> **Provided data**
.....

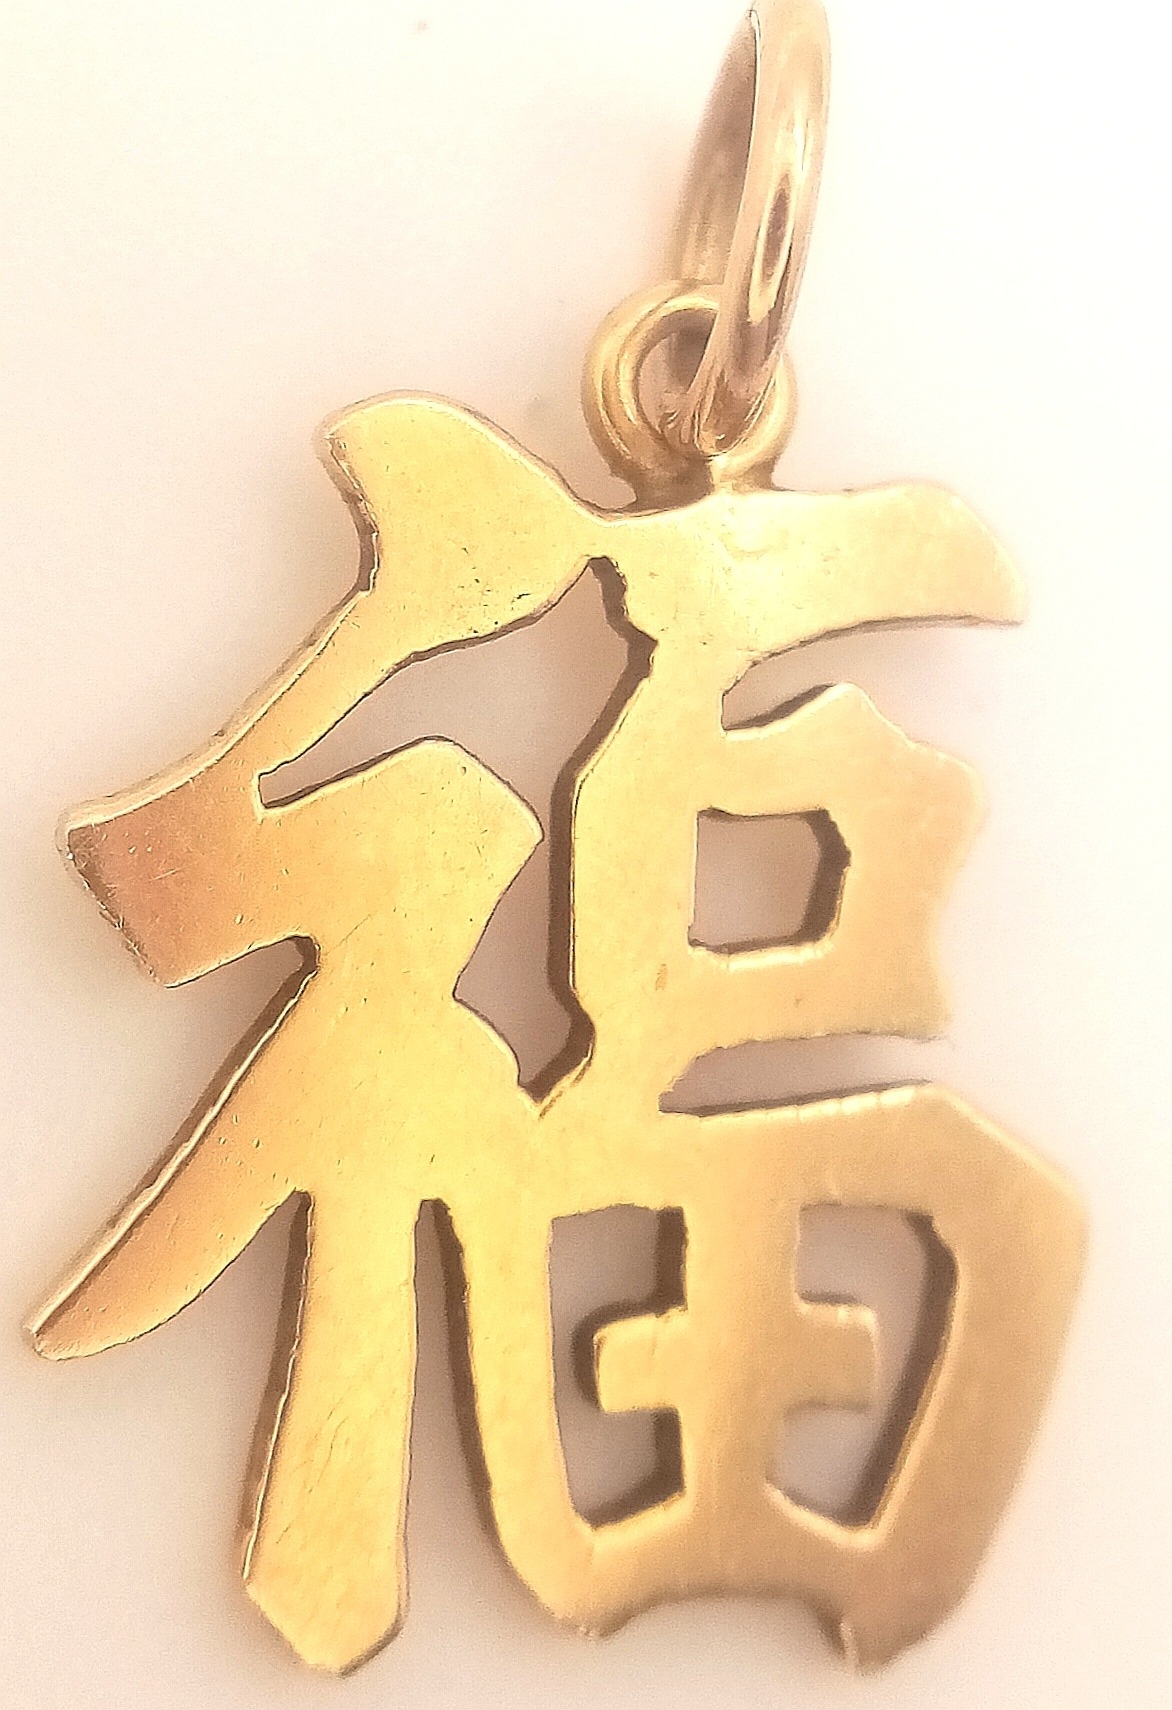 A 14K YELLOW GOLD CHINESE GOOD LUCK/HAPPINESS CHARM/PENDANT. 2.2cm, 1.7g total weight. Ref: SC 8058
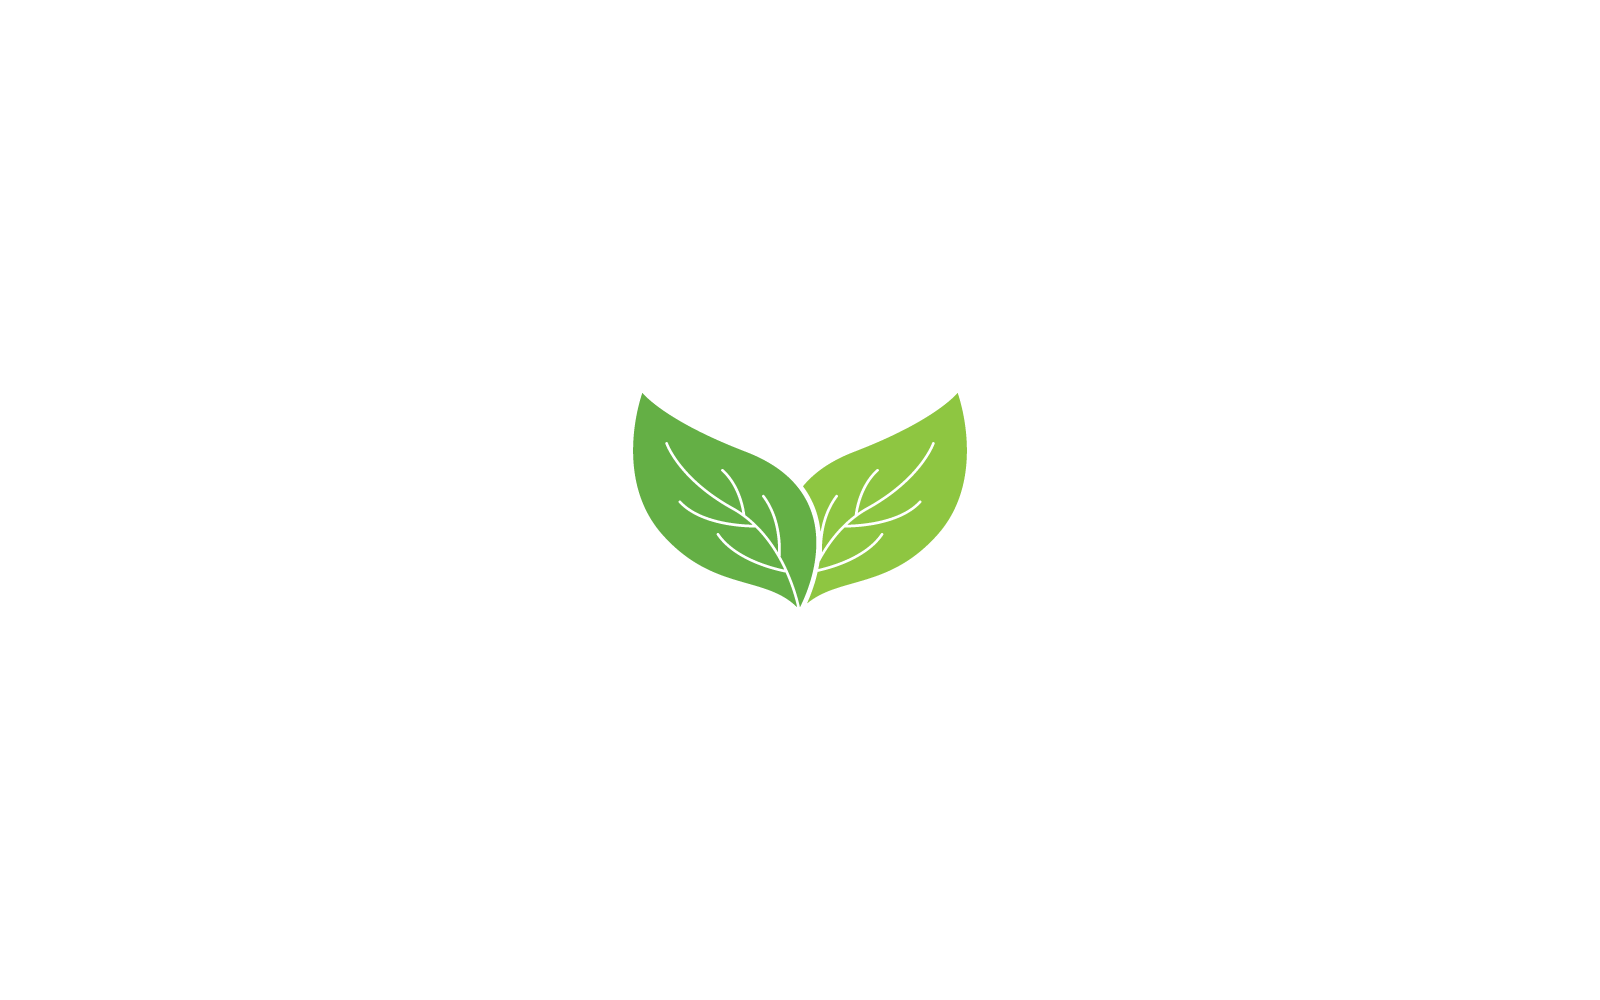 Green leaf logo nature element vector icon
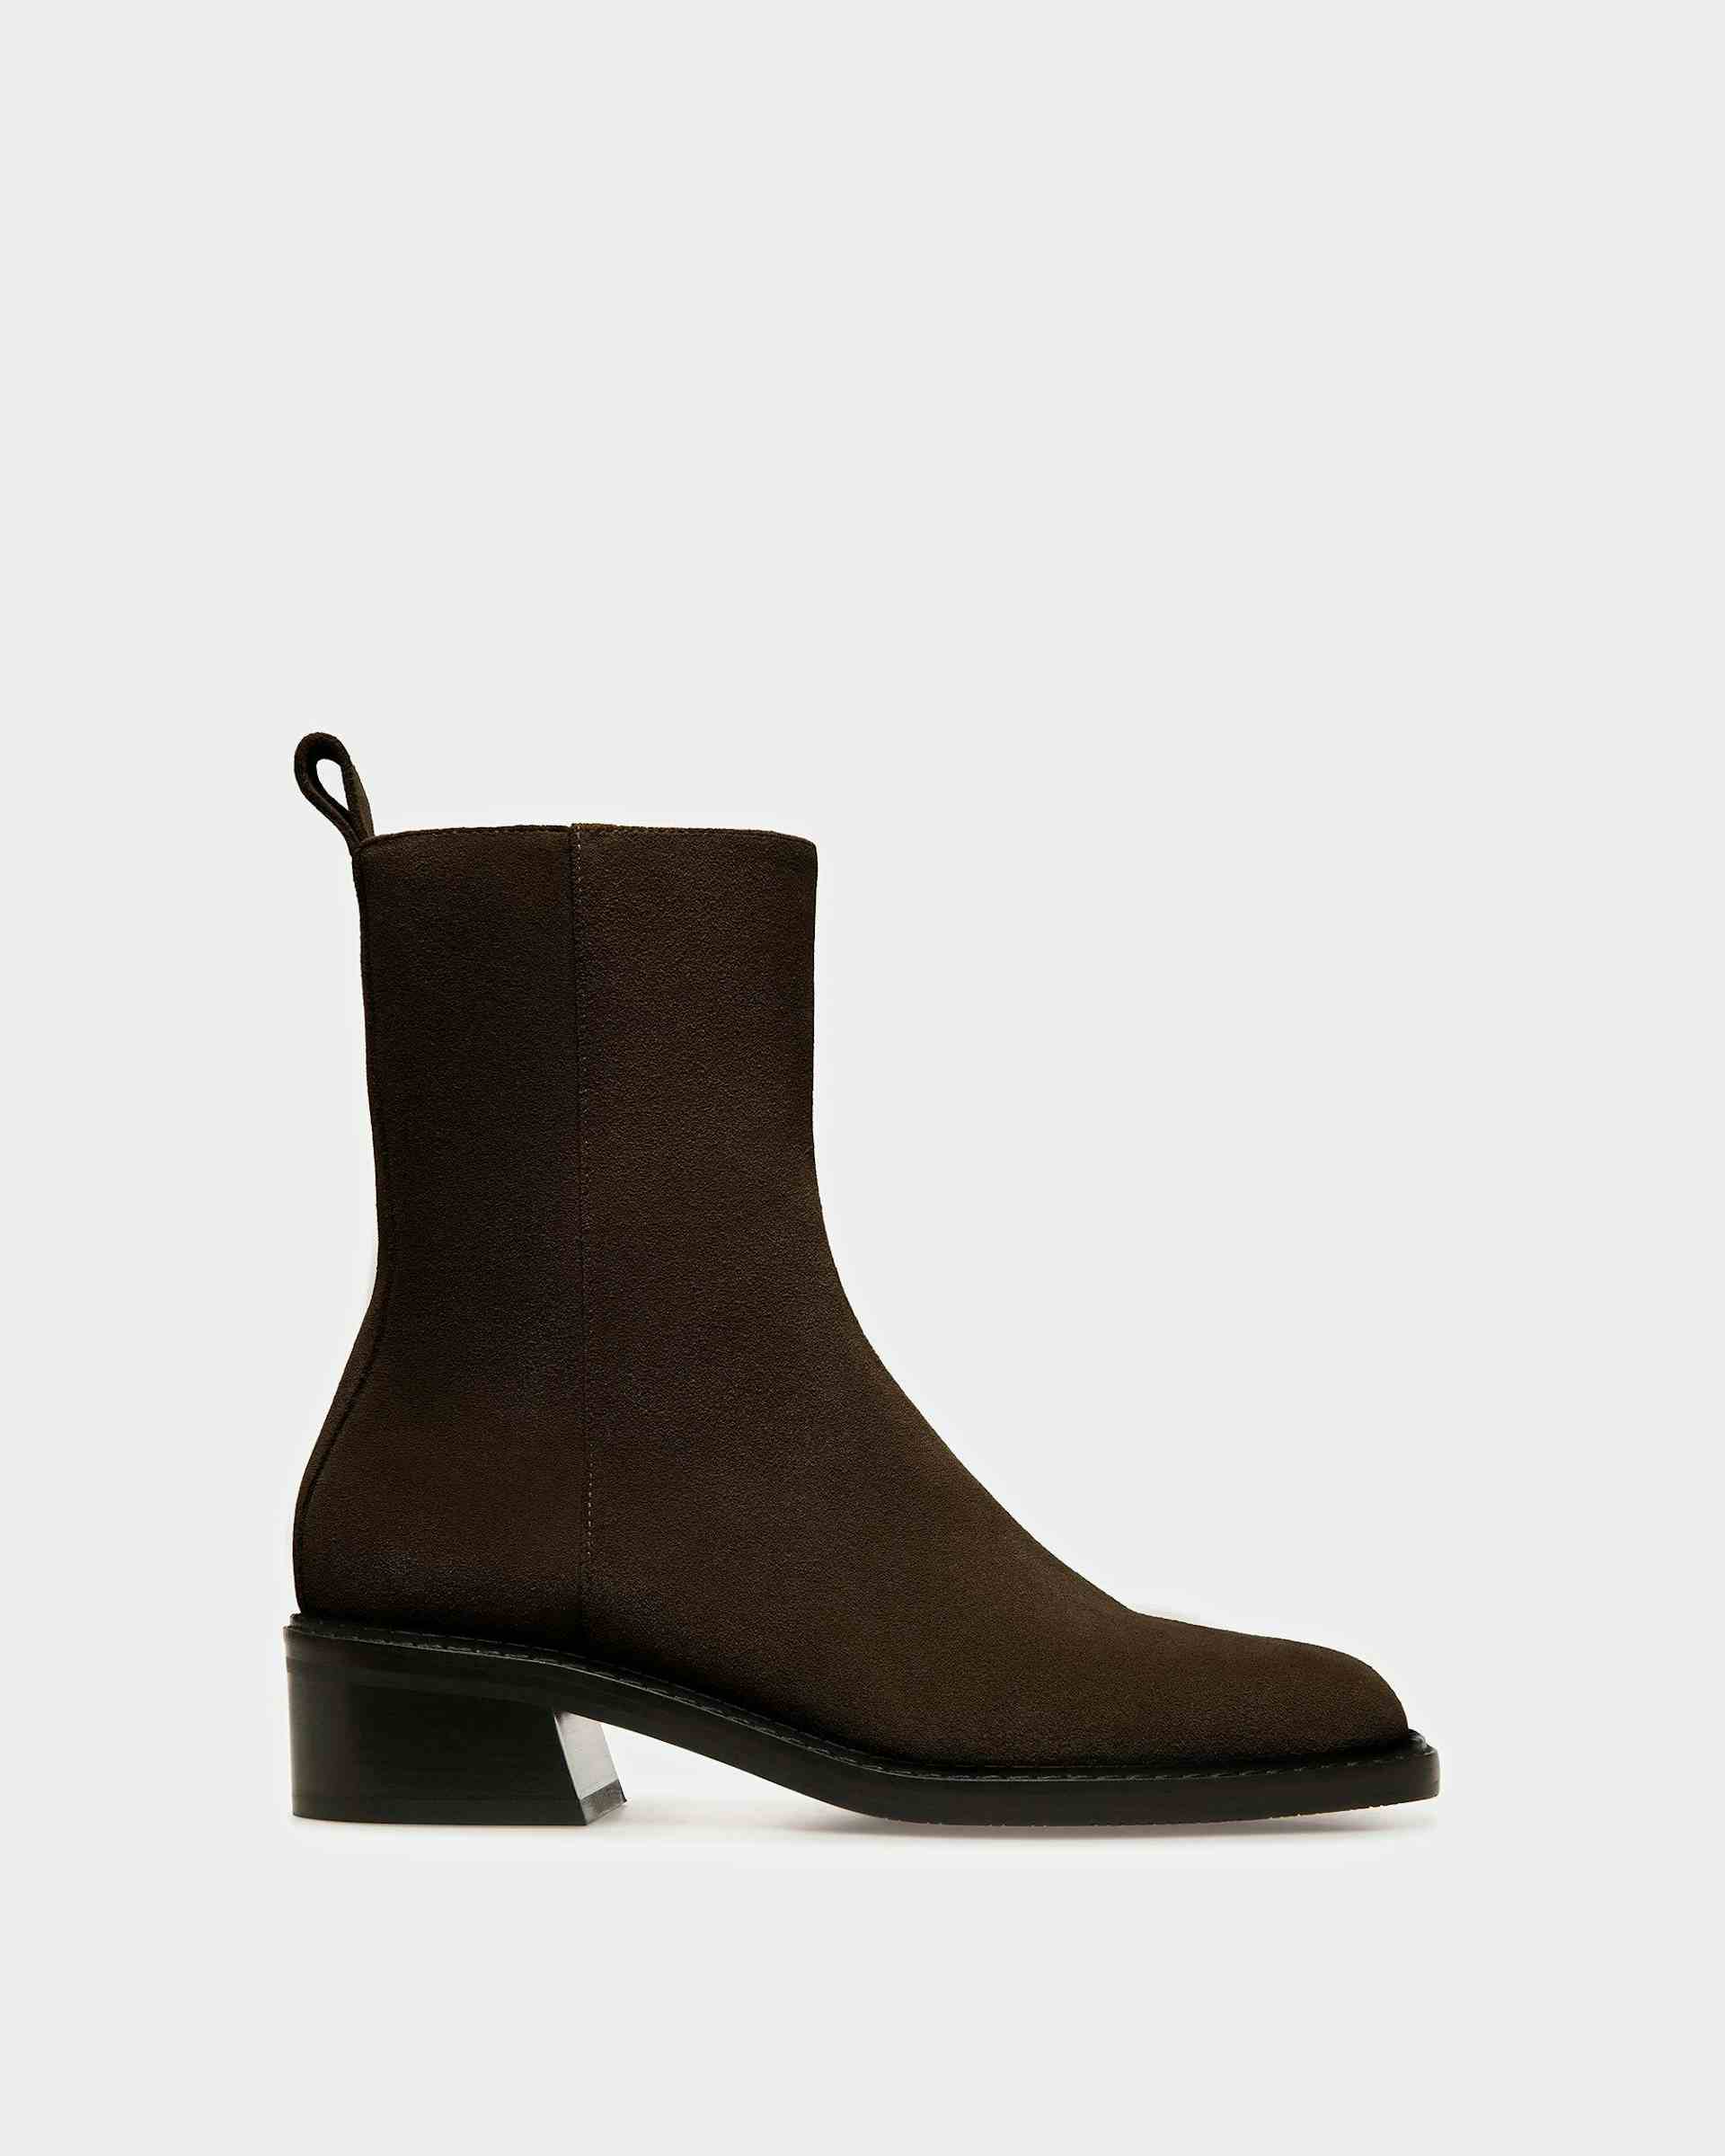 Austine Leather Boots In Ebony Brown - Women's - Bally

.....

> **What this task involves**
Apart from the pictures, every line above must be repeated exactly.

> **Worked solution**
 A 14K YELLOW GOLD CHINESE GOOD LUCK/HAPPINESS CHARM/PENDANT. 2.2cm, 1.7g total weight. Ref: SC 8058
 Green leaf logo nature element vector icon
 Austine Leather Boots In Ebony Brown - Women's - Bally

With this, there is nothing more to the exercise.